Is this a future event from now or did it happen in Israel’s past. If it hasn’t happened is that because it was averted by Israel’s repentance? Judaism teaches that negative prophecies like this need not come true. Repentance can overturn them. The clearest example is Ninevah from the book of Jonah; his prophecy failed to come true because they repented, but he is still a good, honest prophet.

Aliyah 7: Deuteronomy 29:1-8

Deuteronomy 29:3 Nevertheless, to this day HaShem has not given you a heart to understand, eyes to see or ears to hear!

DEU 29:3

How can HaShem hold Israel accountable for sin’s when He has kept them from seeing and understanding? Is that part of why He is so full of grace and love and long-suffering…


Closing Questions

Before I go, I want to answer questions raised at the beginning of this session.

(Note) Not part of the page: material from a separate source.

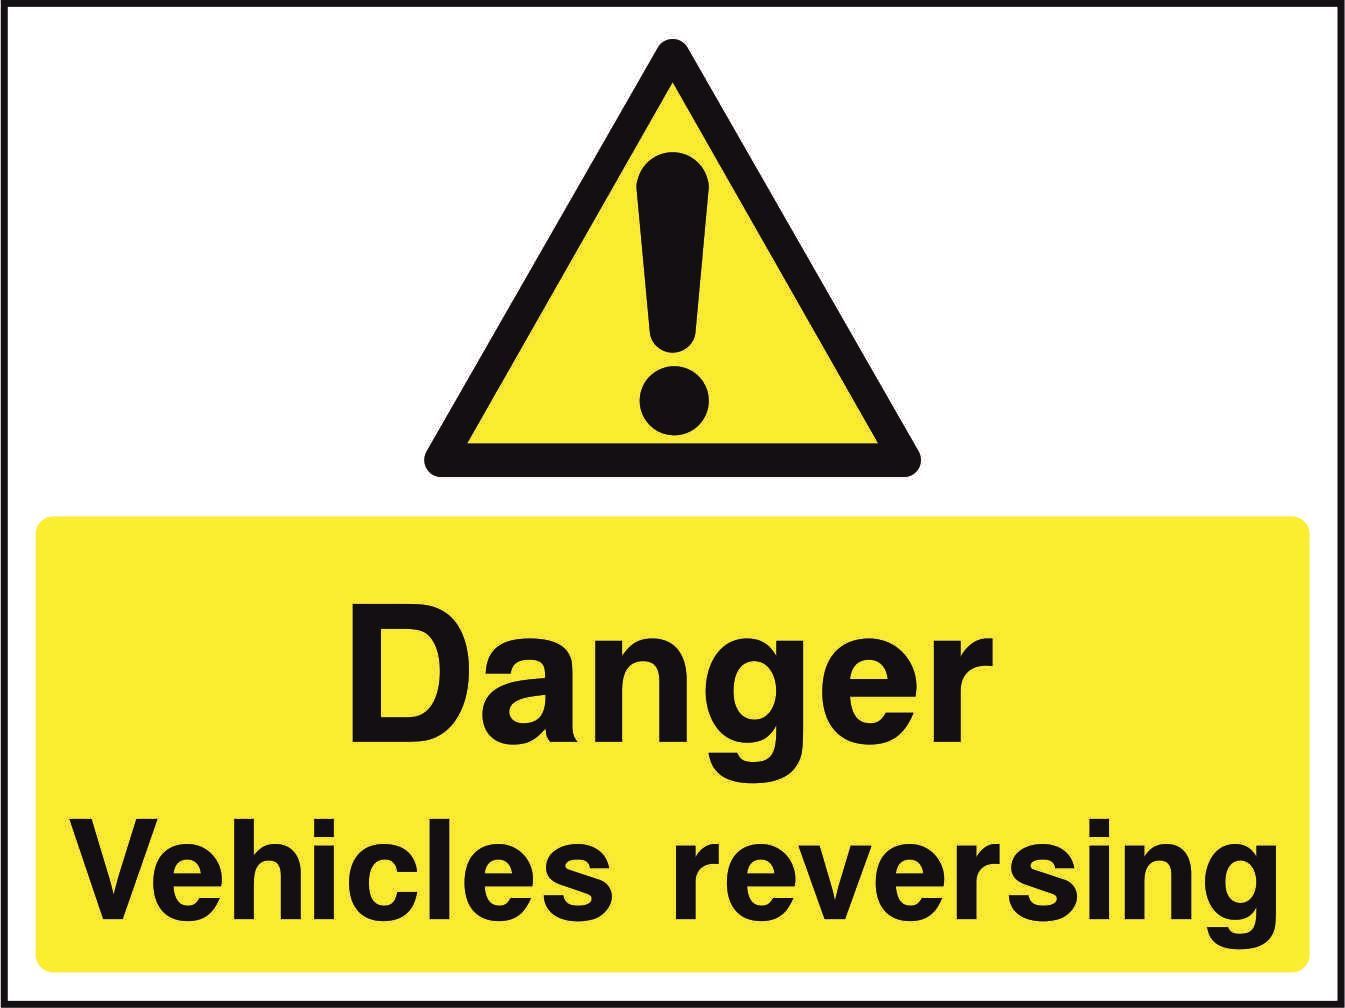 Danger Vehicles reversing

These are my opinions, based on my time studying under various teachers and while I try to set aside any commentaries while examining each aliyah, I will allow myself to bring some back in for this section. I will disclose where I am getting these ideas where relevant.

1. Did the LORD create liturgy?

2. Why does Israel have extra laws?

3. How do you move forward?


That concludes my journey through Ki Tavo for the year 5782.

I hope these words have been a blessing to you.

May our Heavenly Father give you peace and joy.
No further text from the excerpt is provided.